We would expect the medalists to be in quadrant 2. We can see for starters that PC2 had very few negative loadings. The only 3 negative loadings are small in absolute value compared to the other loadings. That means that the negative loadings will not contribute much to PC2. This tells us that someone who did well in a lot of events (like a medalist) would have a high PC2. The average loading value for PC1 is much close to 0, then the average loading value for PC2. Of the 10 loadings for PC2, 4 of them are negative and 6 are positive, however, 2 of the positive ones are very close to 0. So, we would expect the medalists to be around the x = 0 line, since high scores in each event would balacne each other out. Notably, each medalist perforemd very well in long jump, which is one of the largest negative components, so that is why I say they will be in quadrant 2.

D)

Add the PCs to the decathlon data set and create a scatterplot of these PCs, with the points labeled by the athletes’ names. Color-code the points on whether or not the athlete was a medalist. Use the ggrepel package for better labeling. Verify that your intuition from C) is correct.

library(ggrepel)
Warning: package 'ggrepel' was built under R version 4.4.3
PCs_df_dec <- (bind_cols(decathlon, data.frame(PCs_approach1)) 
               %>% mutate(medalists = case_when(Medal == 'None' ~ "No",
                                                TRUE ~ 'Yes'))
)

ggplot(data = PCs_df_dec, aes(x = X1, y = X2, color = medalists)) +
  geom_point() +
  geom_text_repel(aes(label = Athlete)) +
  xlab('PC1') + ylab('PC2') +
  theme_classic()

This matches our intuition from above. The medalists are in quadrant 2, but are close to the x = 0 line.

E)

Canadian Damian Warner won the gold medal in the decathlon in the 2020 Tokyo games. He began the 2024 decathlon but bowed out after three straight missed pole vault attempts.

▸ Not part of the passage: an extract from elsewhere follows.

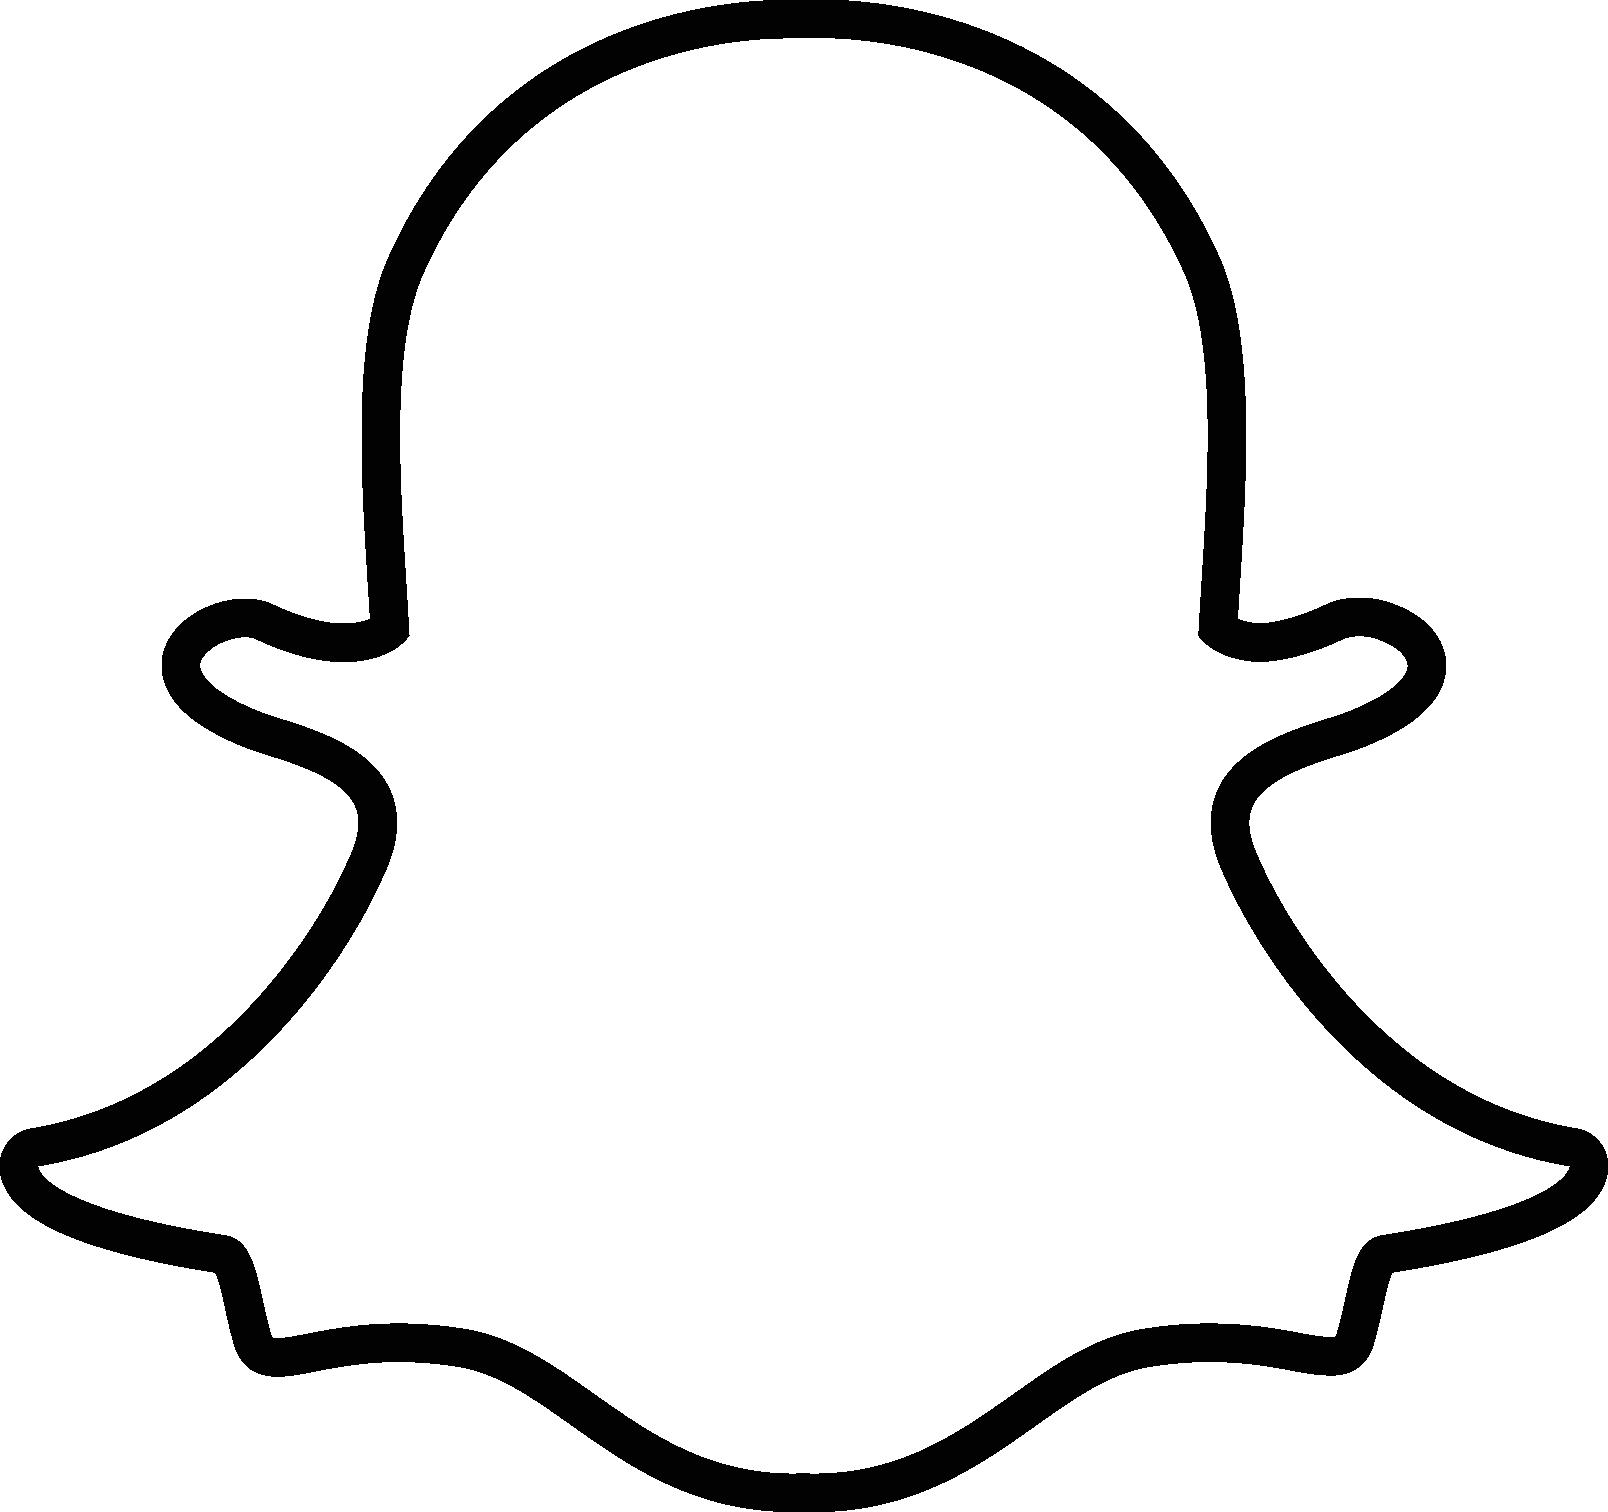 Snapchat Logo Snapchat Com Vector Eps Free Download Logo Icons Clipart Snapchat Logo Iphone Icon Snapchat Icon

These are his results in the 10 events in 2020:

warner <- c(10.12, 8.24, 14.8, 2.02, 47.48, 13.46, 48.67, 4.9, 63.44, 271.08)

Would this have won a medal if it had happened in 2024? To answer this, we will compute his PCs with respect to the 2024 athletes and add it to the plot to see where his 2020 gold-medal performance compares to the 2024 athletes. To do this:

  • Find the mean vector from the 2024 athletes. Call it mean_vec_24.
  • Find the standard deviation vector from the 2024 athletes. Call it sd_vec_24.
  • Standardize Warner’s 2020 results with respect to the 2024 athletes: (warner-mean_vec_24)/sd_vec_24
  • Find Warner’s PC coordinates using the 2024 loadings.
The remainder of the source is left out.